Nickel–metal hydride battery

A nickel–metal hydride battery is a type of rechargeable battery. The chemical reaction at the positive electrode is similar to that of the older nickel–cadmium cell, with both using nickel oxide hydroxide, NiO. However, the negative electrodes use a hydrogen-absorbing alloy instead of cadmium. NiMH batteries typically have two to three times the capacity of NiCd batteries of the same size, with significantly higher energy density, although only about half that of lithium-ion batteries. NiMH batteries have almost entirely replaced NiCd.
These batteries are typically used as a substitute for similarly shaped non-rechargeable alkaline and other primary batteries.
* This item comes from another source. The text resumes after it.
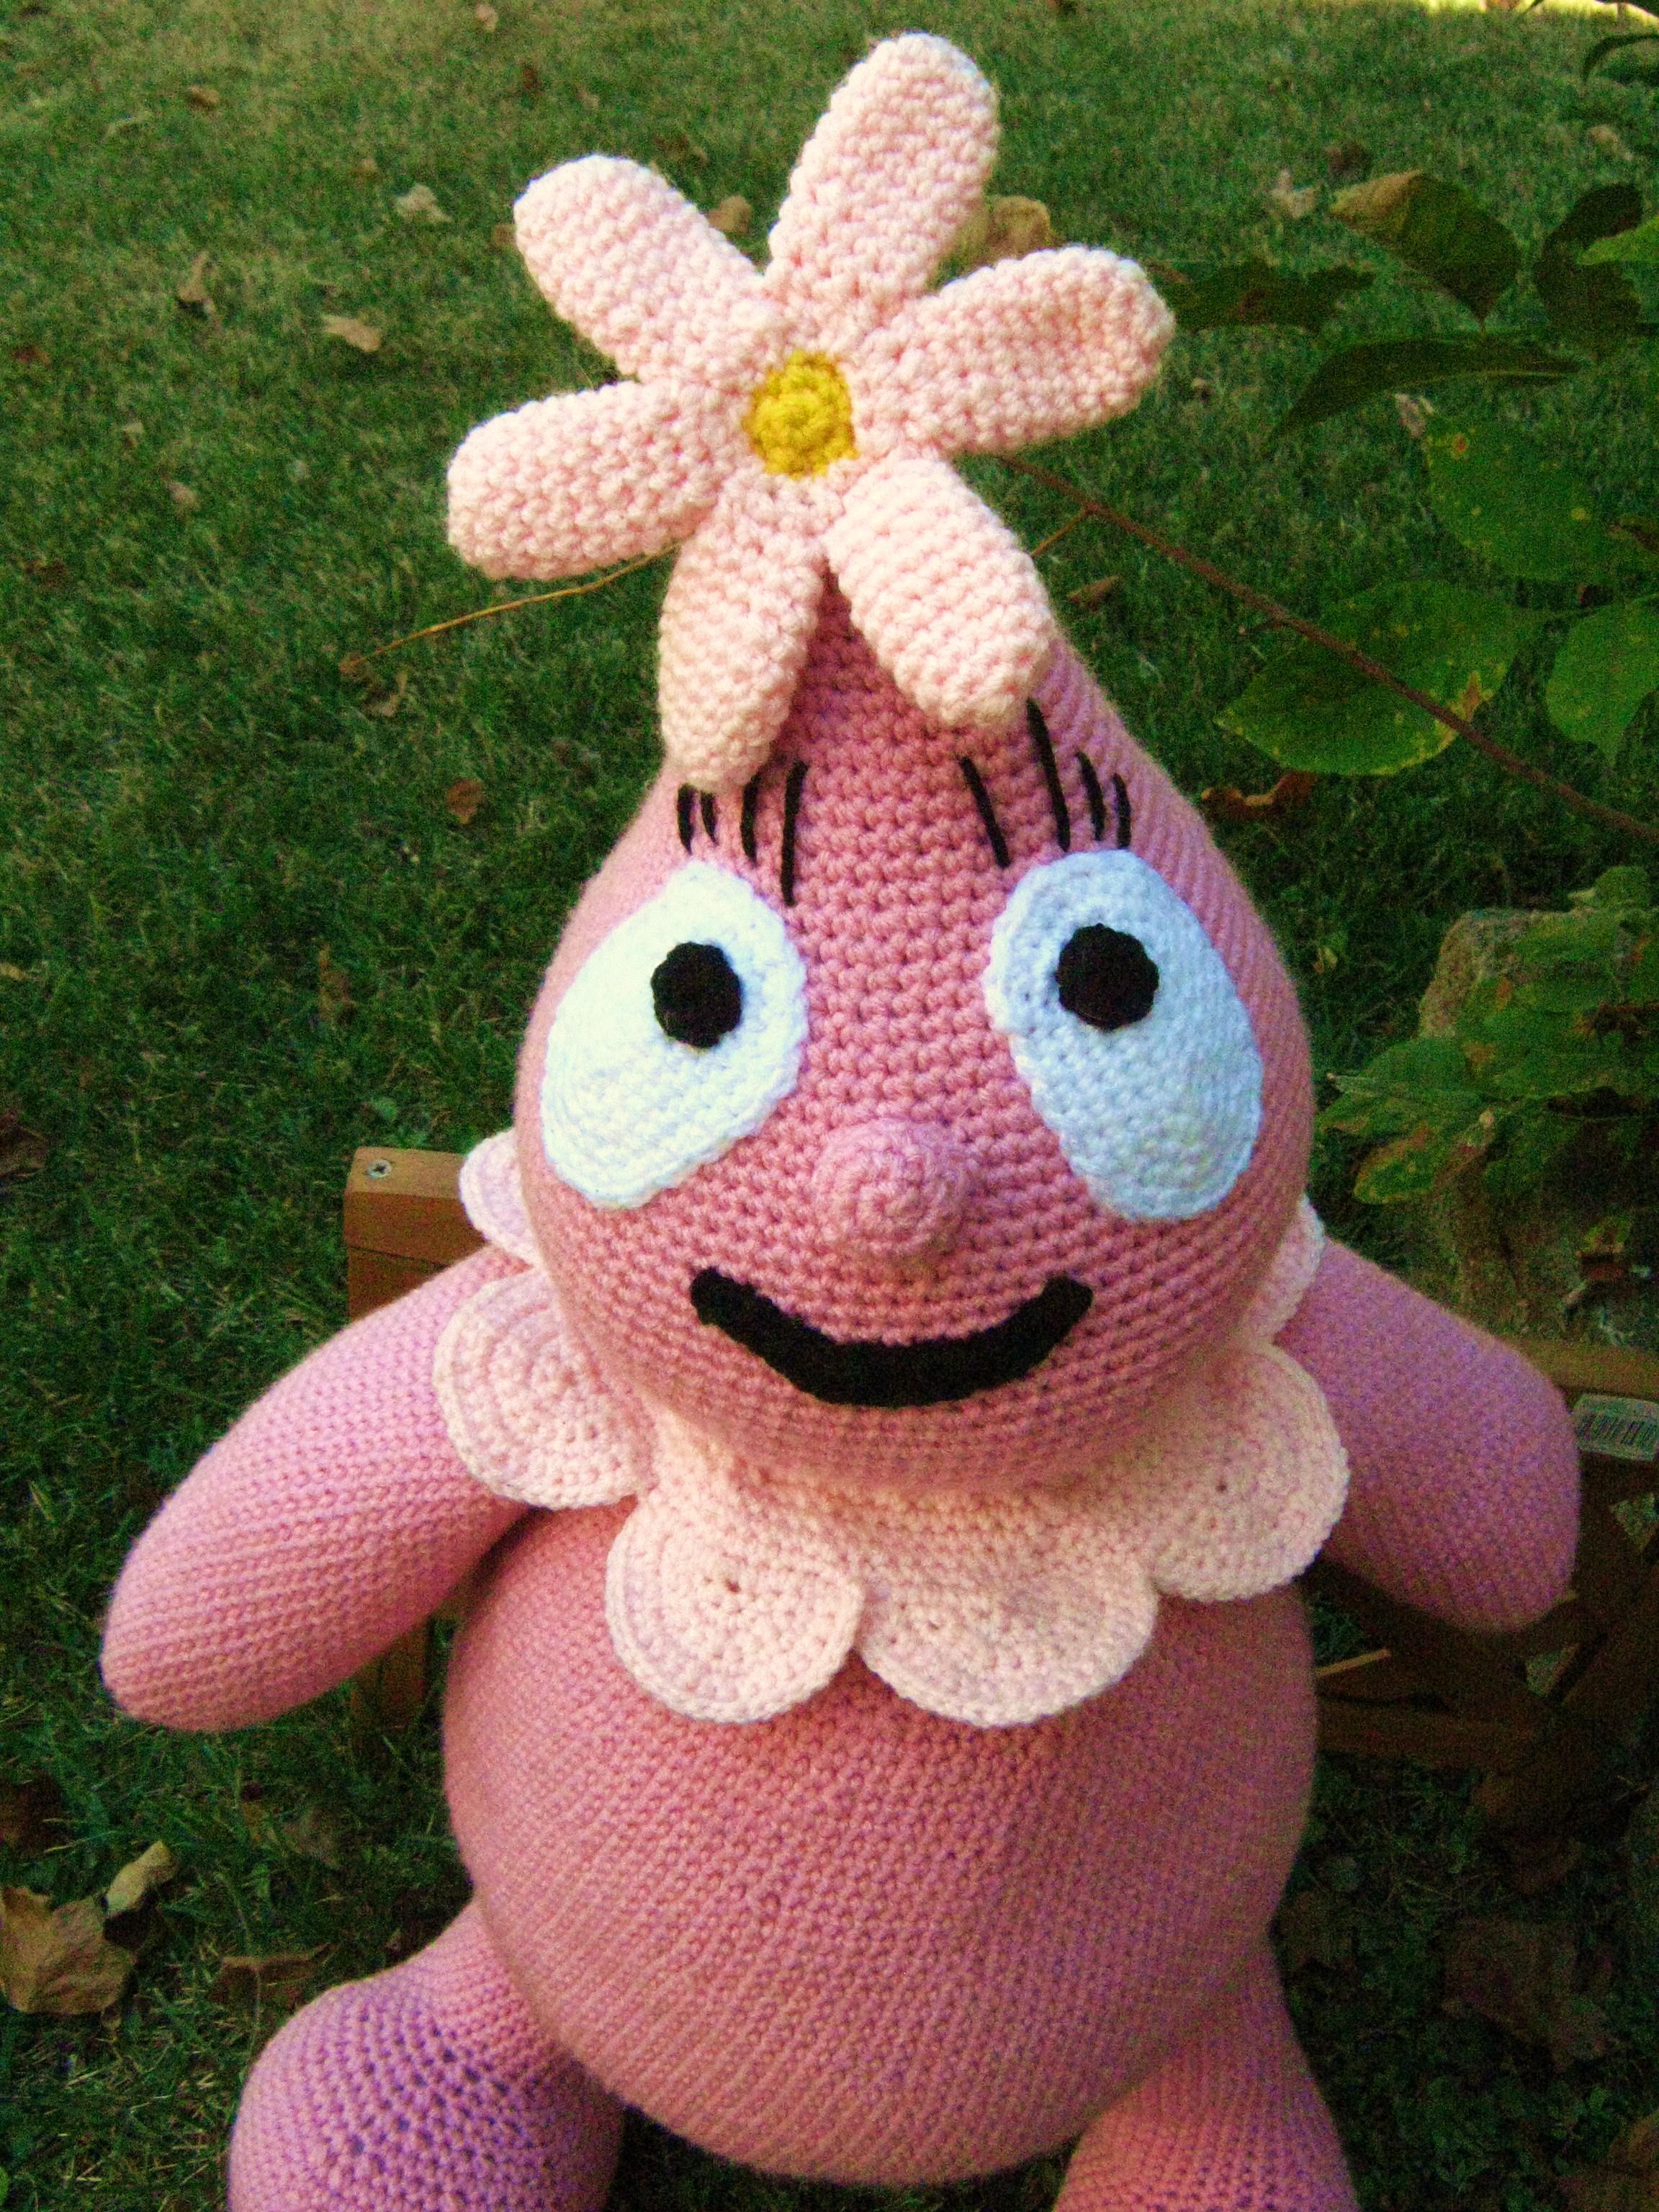 Foofa Crochet Pattern – Free

They provide a cell voltage of about 1.2V while fresh alkaline cells provide 1.5V; however devices designed for alkaline batteries operate until cell voltage gradually drops to around 1.0V, while the voltage of a fully-charged NiMH cell drops more slowly, giving good endurance for a 1.0V end point. NiMH batteries are less prone to leaking corrosive electrolyte than primary batteries.

History

Work on NiMH batteries began at the Battelle-Geneva Research Center following the technology's invention in 1967. It was based on sintered Ti₂Ni+TiNi+x alloys and NiOOH electrodes. Development was sponsored over nearly two decades by Daimler-Benz and by Volkswagen AG within Deutsche Automobilgesellschaft, now a subsidiary of Daimler AG. The batteries' specific energy reached 50 W·h/kg, specific power up to 1000 W/kg and a life of 500 charge cycles. Patent applications were filed in European countries, the United States, and Japan. The patents transferred to Daimler-Benz.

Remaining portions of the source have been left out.